India

Civil Society Slams Moily, PMO’s Rush for Green Clearances

BeyondHeadlines News Desk

New Delhi: In a strong show of unity, representatives from social and environmental movements today slammed the newly anointed environment minister, Veerappa Moily and the Prime Minister’s Office for ignoring environmental and social concerns and impacts on local communities, while granting speedy clearance to mining and infrastructure projects.

In an open letter to Mr. Moily and the Prime Minister, over 200 organisations have said that such hasty clearances go against the primary mandate of the ministry, which is to ensure a safe and healthy environment for all Indians.

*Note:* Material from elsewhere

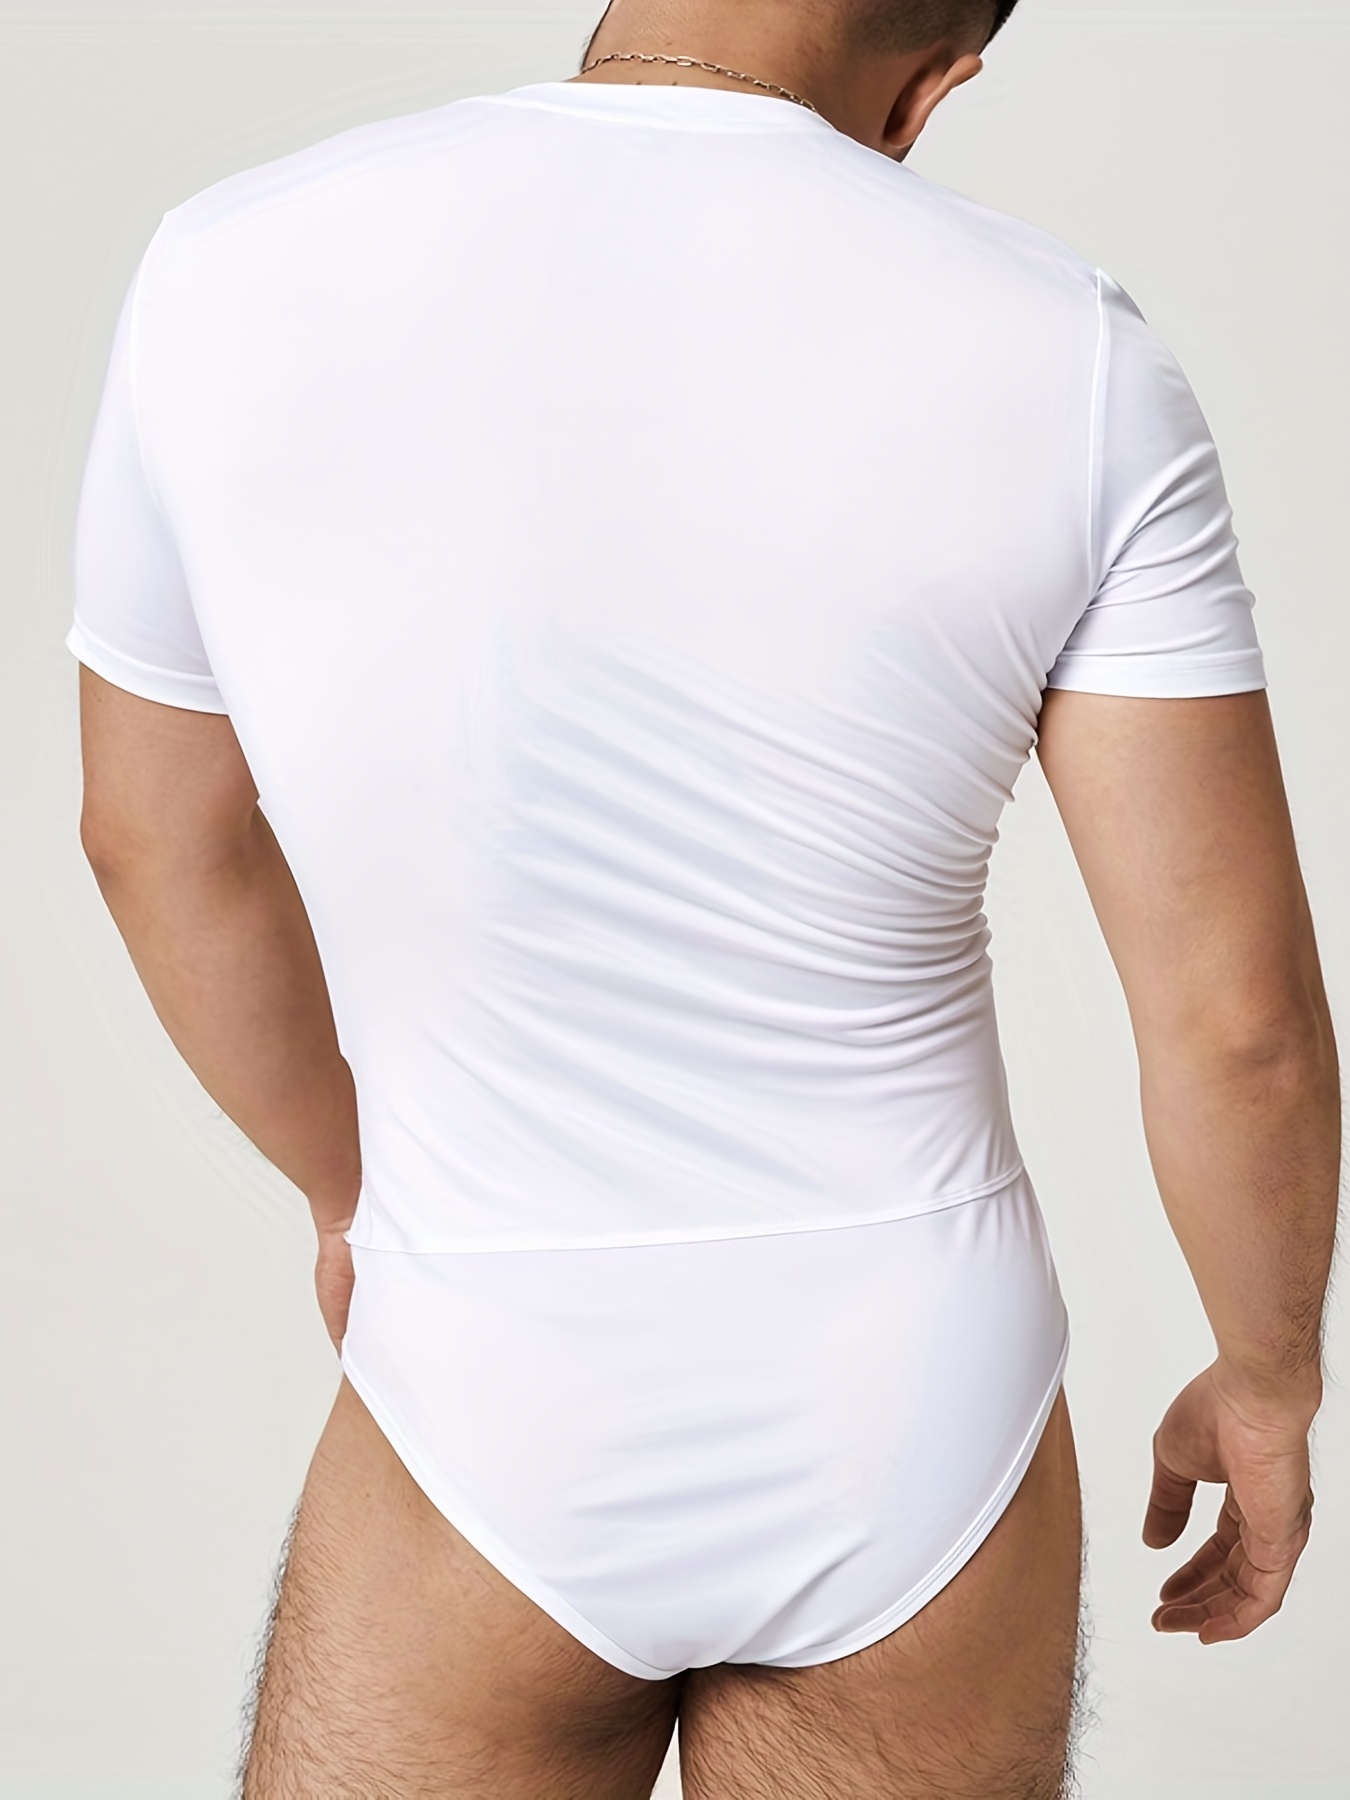 inhzoy Men's Short Sleeve Undershirt One Piece Leotard Top Press Button  Crotch Shirt Bodysuit Slim Fit Romper White XL

The letter signed by a wide variety of human rights, environmental, community and wildlife groups and activists was released at a press conference in Delhi addressed by Samit Aich, executive director, Greenpeace India, Ashish Kothari of Kalpavriksh, Vimal Bhai of NAPM, Shailesh Gandhi, former information commissioner with Central Information Commission, and RTI activist Shekhar Singh. (3)

It states: “The recent measures taken by the minister to grant speedy approvals and relax regulatory procedures has sent a clear signal that environmental protection and people’s livelihoods are to be ignored in order to project an industry-friendly image of the government.”

The minister’s actions over the last month have undermined the very mandate of the environment ministry, whose performance must be judged on how it protects the environment, and not on the number and speed of clearances it gives for India Inc’s big ticket projects. Of course, Mr. Moily’s predecessors have not necessarily been more responsible towards this mandate, as evidenced by the fact that virtually all projects coming to them have been cleared despite inadequate or fraudulent impact assessments. Over 2.43 lakh hectares of forests have been cleared during the UPA regime from 2004 till the end of 2013.

But the new Minister clearly wants to surpass his predecessors; in any case, to have the sitting petroleum minister also preside over the Environment Ministry is another example of bad governance and conflict of interest.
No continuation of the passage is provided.